CDC also contributes environmental health expertise to foodborne and waterborne illness outbreaks. Examples include technical assistance in the Salmonella outbreak associated with peanut butter and in response to the 2010 cholera outbreak that followed the earthquake in Haiti.

Evidence-Based Guidance. CDC is collaborating with public health and industry experts to develop the Model Aquatic Health Code (MAHC). The MAHC would provide evidencebased standards to help state and local public health programs reduce risk for waterborne illness outbreaks and drowning, as well as chemical and other injuries at pools, waterparks, and other aquatic venues within their jurisdictions.

CDC also has provided environmental health expertise to organizations creating food policy. Additionally, CDC has developed tools such as a boil-water advisory toolkit and a guide for hospitals on ensuring water supply during an emergency for state, local, and tribal partners.

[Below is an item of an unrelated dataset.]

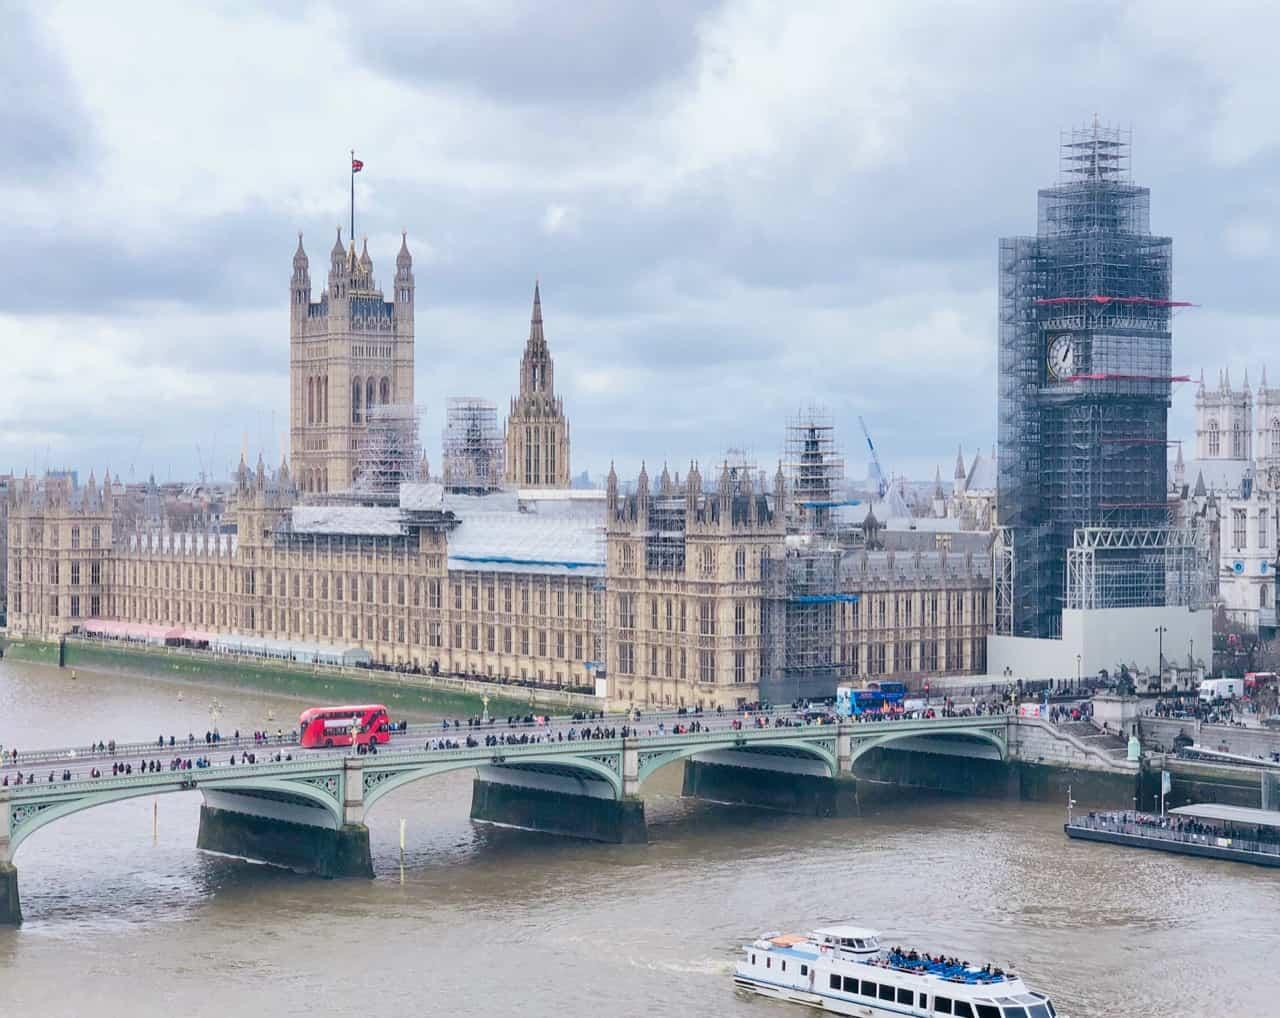 https://anysizedealsweek.com/wp-content/uploads/2020/07/Westminster-Parliament-London-UK.jpg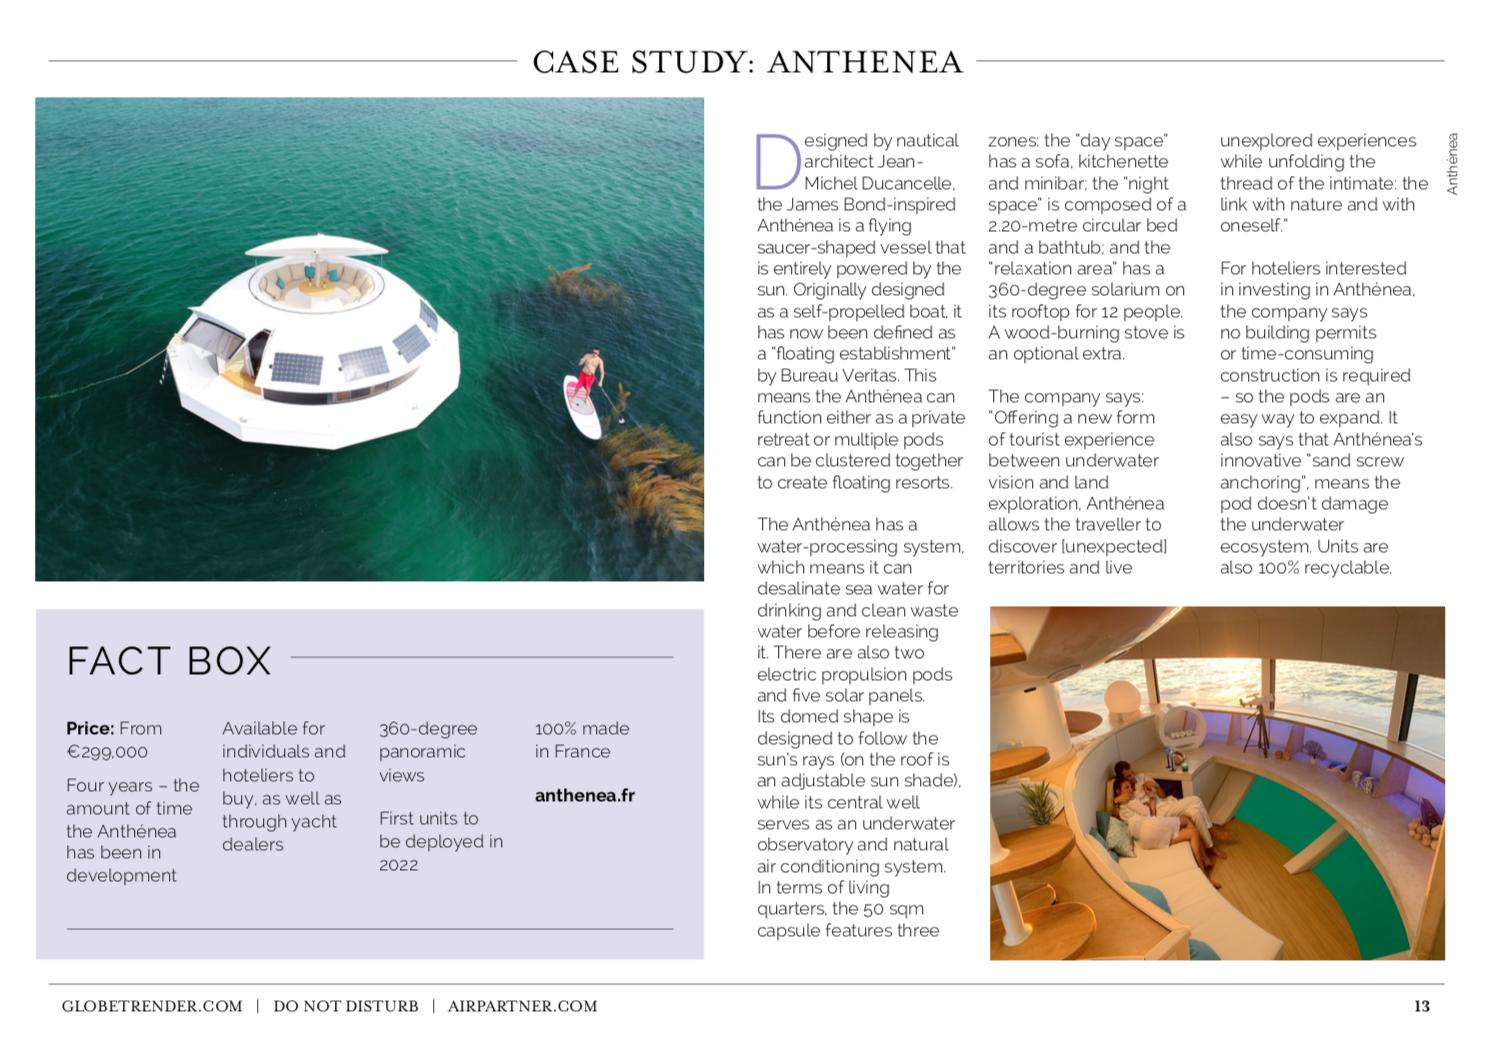 Anthenea case study

Top; inspecting property, Bottom: children in swimming pool
  • Each year in the United States, foodborne illness outbreaks result in 48 million illnesses, more than 128,000 hospitalizations, and 3,000 deaths.
  • Acute foodborne illnesses also cost the United States an estimated $152 billion per year in healthcare, workplace, and other economic losses.
  • Waterborne illnesses cost the United States as much as $970 million dollars a year in hospitalization costs alone. Outbreaks of waterborne disease associated with recreational water have significantly increased over the past several decades, drowning continues to injure and claim the lives of far too many, and swimming-related emergency room visits are in the thousands each year.
  • Historically, clean drinking water systems have been responsible for reducing overall deaths in large cities by nearly one-half and child deaths by nearly twothirds. Aging drinking water and wastewater infrastructure and reduced funding for state and local disease prevention could jeopardize past advances.